Faced with those circumstances, little consolation could be drawn from the possibility or even the likelihood that velocity might—a year or two later—return to its trend. Similarly, in those circumstances, it would seem imprudent focus on one policy variable to the exclusion of all others and to the exclusion of what was developing in the economy. This is not to suggest that we can or should attempt to fine tune policy or the economy. But it is to suggest that the process of policy formulation and execution must take account of a broad range of monetary, financial, and economic developments.

In short, the experience of the past few years points to serious short-comings of strict monetary rules. The inherent limitations in the money supply statistics, the changing interest rate properties of the money supply, the breakdown in the money-income relationship, and the potential costs of greater—if not considerably greater—interest rate volatility all suggest that rules won't work. A world in which monetary policy can be reduced to a simple rule or two seems very appealing. Unfortunately, we don't live in that kind of world.

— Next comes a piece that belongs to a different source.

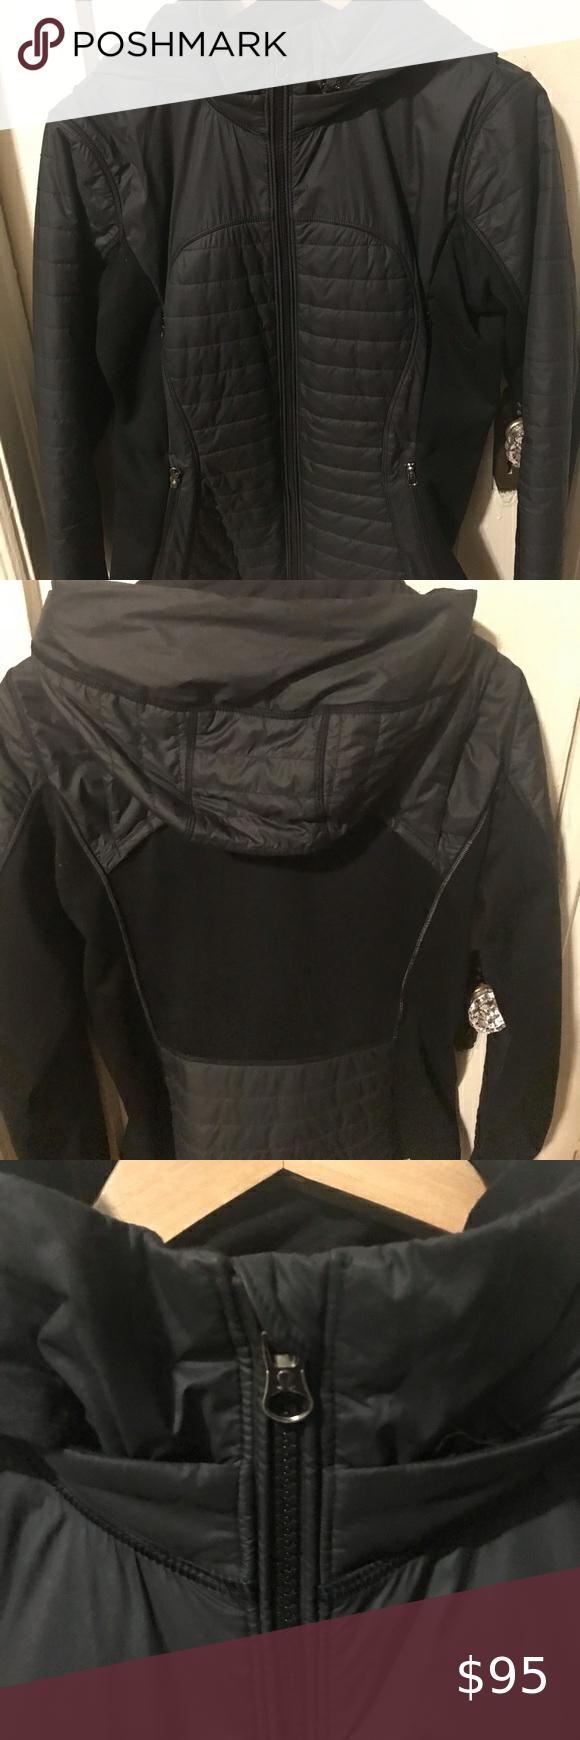 Lululemon Outerwear Jacket Outerwear Jackets Jackets Lululemon Jacket [ 1740 x 580 Pixel ]

The straightforward implication of this is that the policy process must be sprinkled with a generous dose of judgment and flexibility and a willingness to adjust policy and policy targets as changing economic and financial developments warrant. This view as to what can realistically be expected of monetary policy should not be and need not be seen as running contrary to the underlying precept that persistent discipline in the money and credit creation process is and will remain a necessary condition for sustained noninflationary economic growth.

However, if a suitably flexible policy of monetary discipline is indeed a necessary condition for economic prosperity and stability, it does not follow that it is a sufficient condition to insure those results. Monetary policy does not operate in a vacuum. Thus, even if monetary policy alone can force, at least for a time, the result of price stability, the overall economic and financial environment within which that result is achieved will be quite different, depending on other circumstances, the most important of which is fiscal policy. Indeed, in the context of a fiscal policy outlook characterized by a secular pattern of large structural budget deficits, the economic and financial conditions associated with a persistently disciplined monetary policy are not attractive. On the one hand in those circumstances, a persistent discipline in monetary policy entails very high risks of stop-and-go growth patterns, relatively low capital formation rates, a shift in the composition of output toward the government sector, and periodic collisions between public and private borrowing needs with the ever present danger of collisions turning into crunches. On the other hand, a monetary policy which accommodates or cushions such deficit-induced credit market collisions is a policy which entails the equally high—if not higher—risks of more inflation and instability down the road. Thus, a realistic view of what can reasonably be expected of monetary policy must take into account the overall framework within which monetary policy must function—a framework which is most importantly shaped by fiscal policy.

Federal Budgets and Macroeconomic Policy

Given the importance of fiscal policy for economic stabilization and for the way in which monetary policy influences the economy, it would be useful to place the current and widely publicized deficit problem of the United States in some historical perspective with regard to its origins, its size, and its implications for the future. That historical perspective must start with an appreciation of the views about fiscal policy that were popular in the mid-1960s. In that time frame, there was a belief in many circles that fiscal policy was a powerful—if not all powerful—and flexible tool of economic policy. Every student of economics carefully digested the spoken and written word about inside lags, outside lags, and the relative size of various tax and spending multipliers in a context in which it was perceived that spending or tax policies could and would be quickly and easily altered to meet any cyclical contingency. In that setting, some suggested that the budget would at least balance in periods of high employment, so structural deficits would not occur. Others almost seemed to suggest that the bigger the deficit the better, while still others suggested that the size of the deficit was largely irrelevant.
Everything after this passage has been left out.